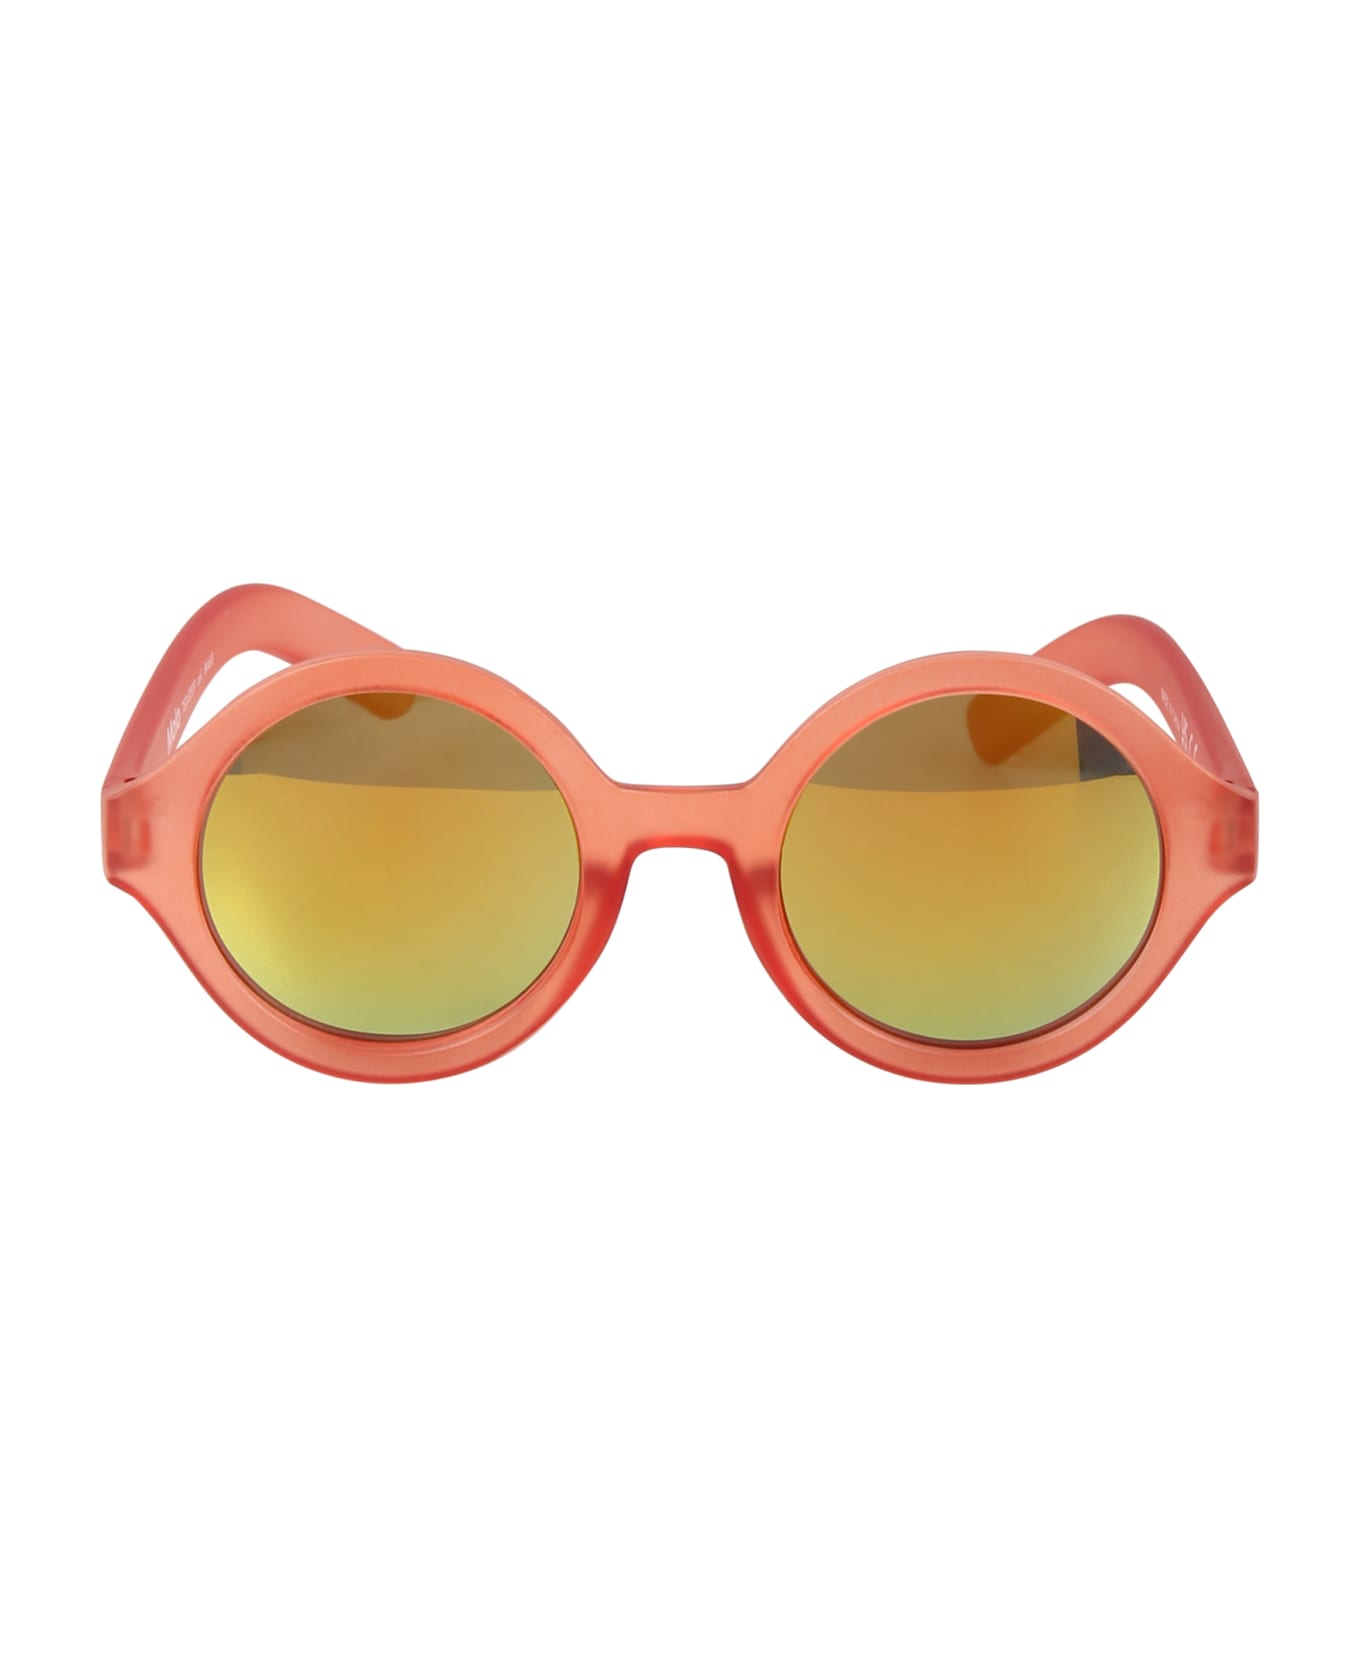 Molo Red Shelby Sunglasses For Girl - Fuchsia
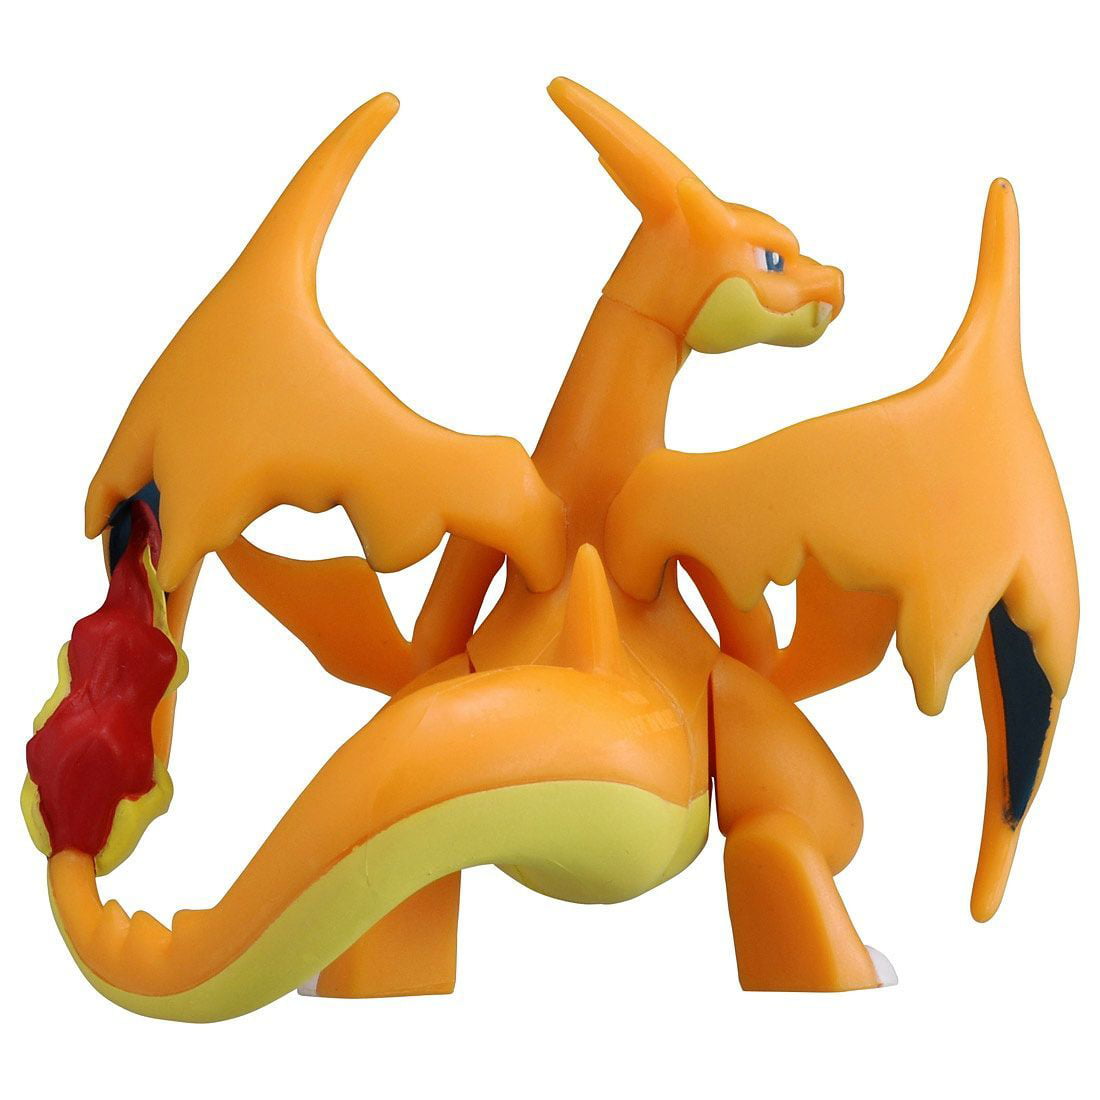 Mega Charizard X Pokémon Xy (15cm) Articulado Takara Tomy
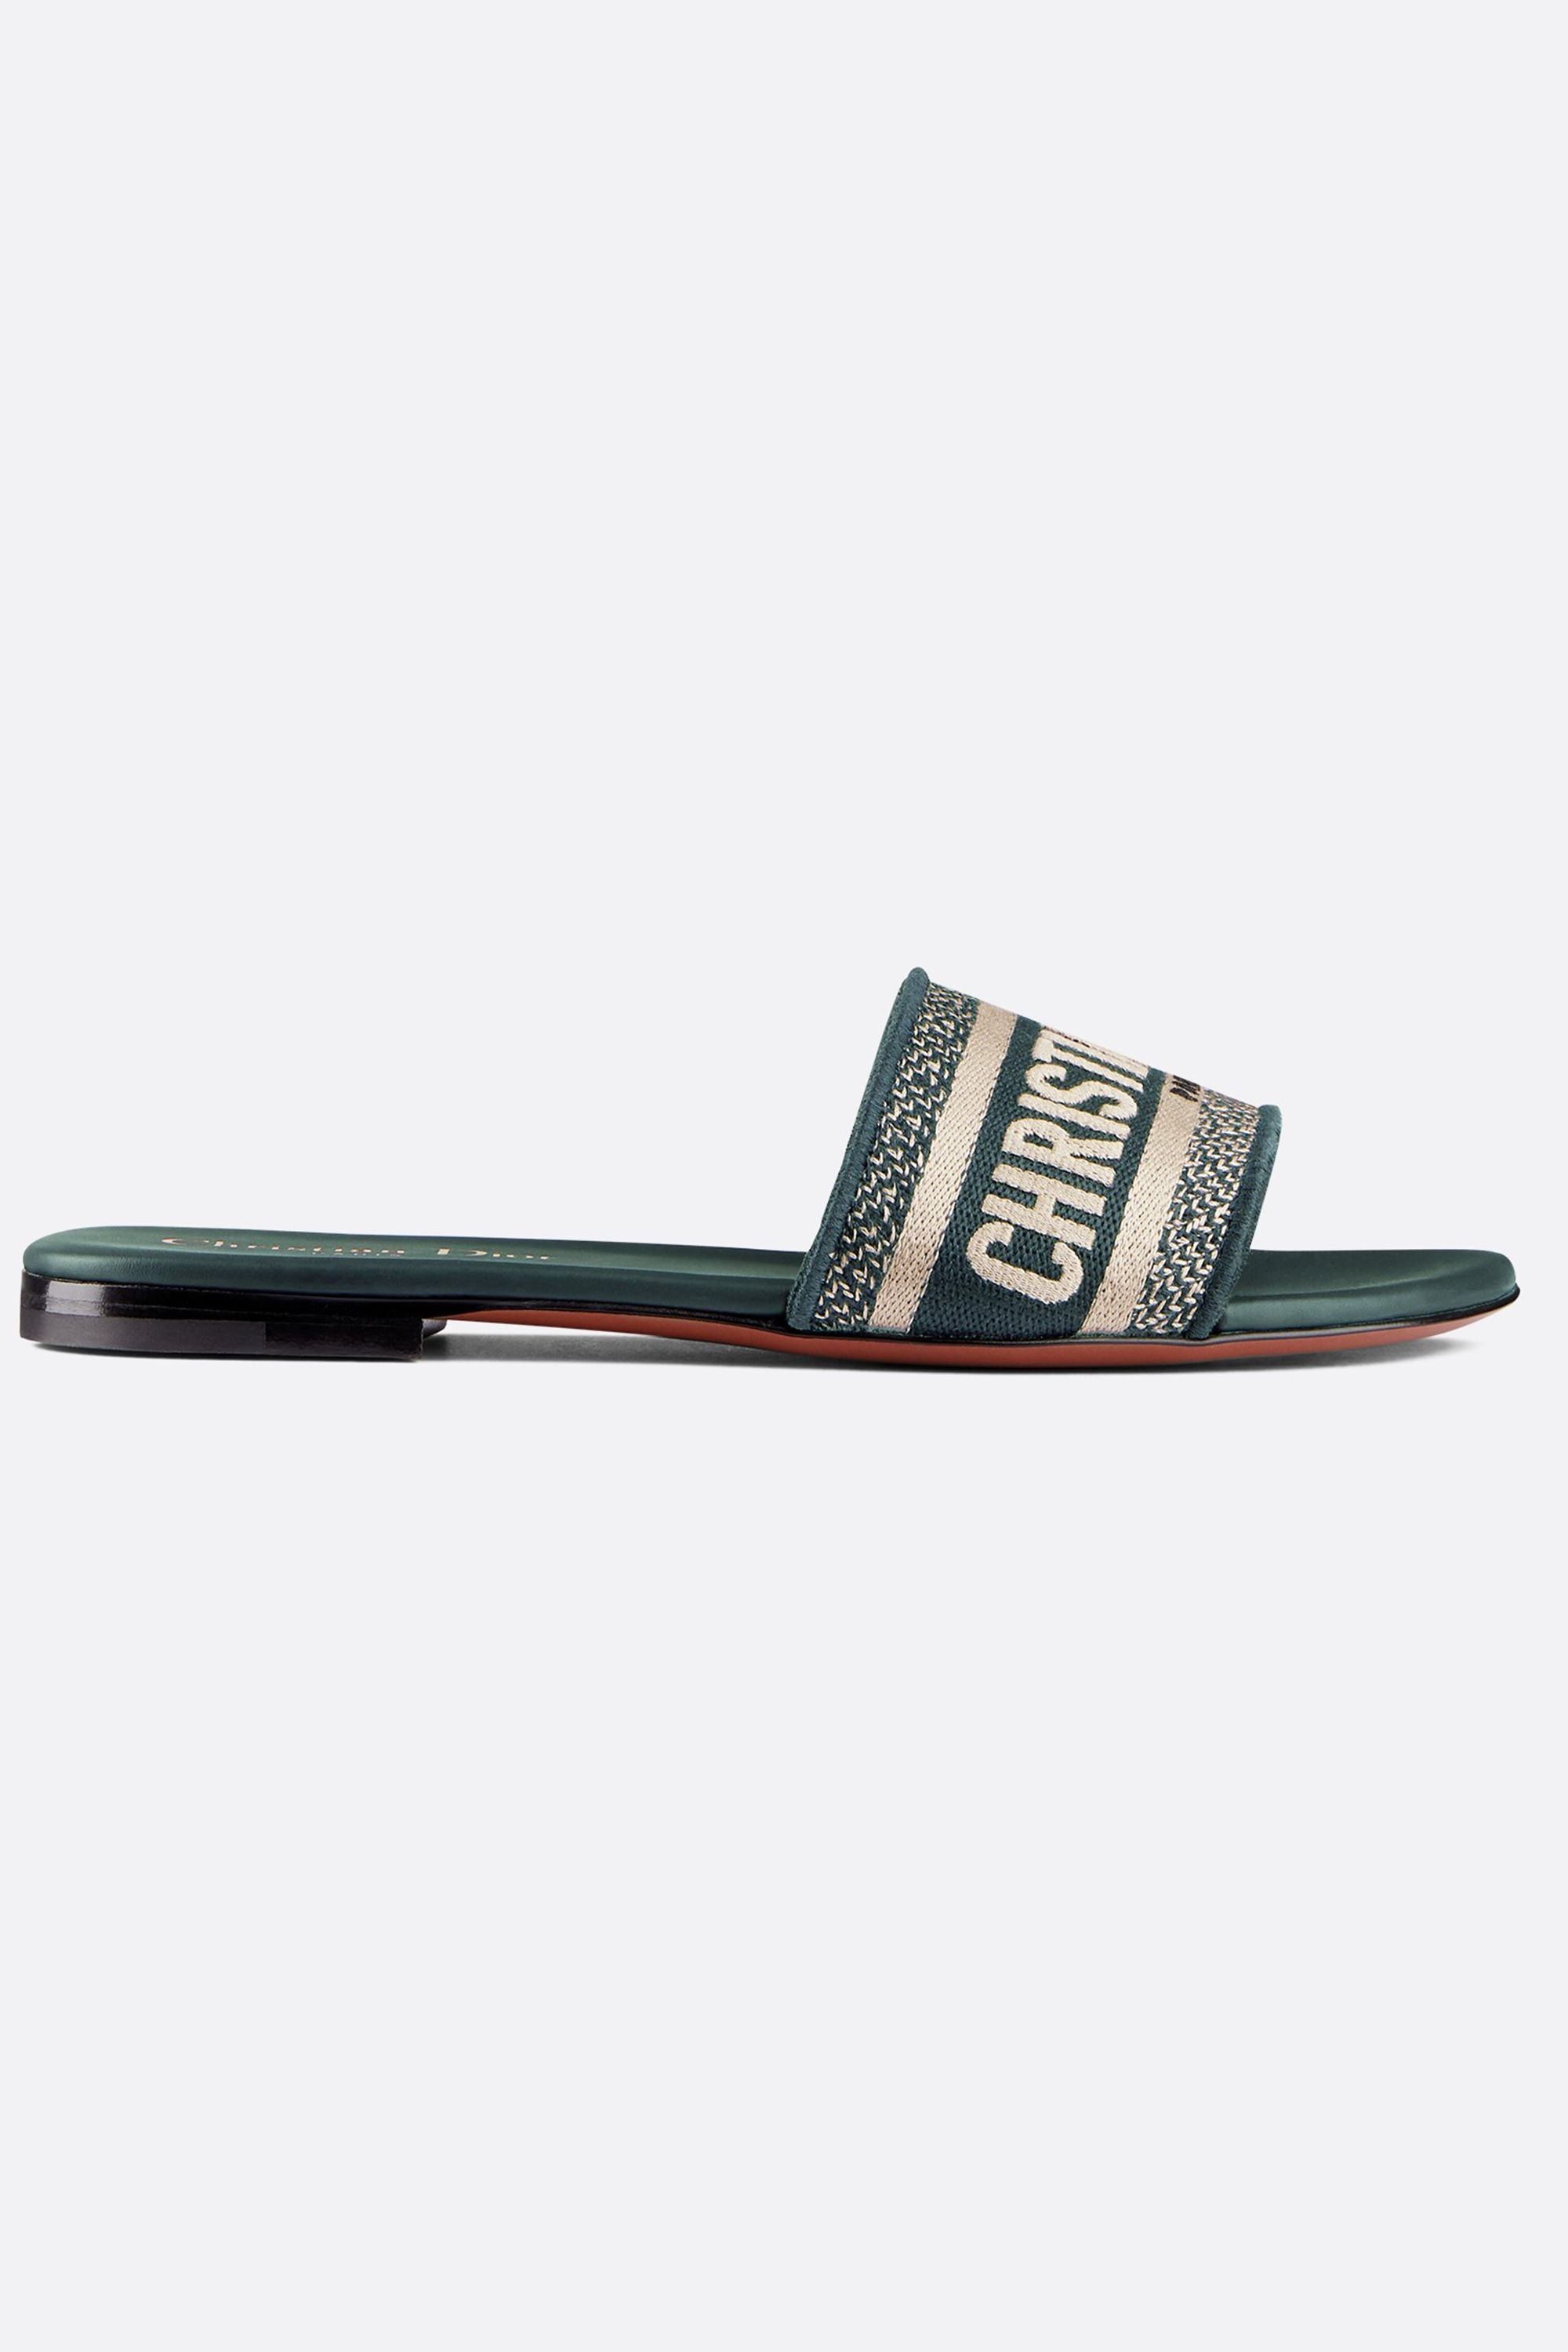 25 Best Summer Sandals 2019 Best Sliders Flat And Heeled Summer

__WHAT TO PRODUCE__. Without including any picture, write out the material above exactly.

__SOLVED EXERCISE__.
 Molo Red Shelby Sunglasses For Girl - Fuchsia
 Mega Charizard X Pokémon Xy (15cm) Articulado Takara Tomy
 25 Best Summer Sandals 2019 Best Sliders Flat And Heeled Summer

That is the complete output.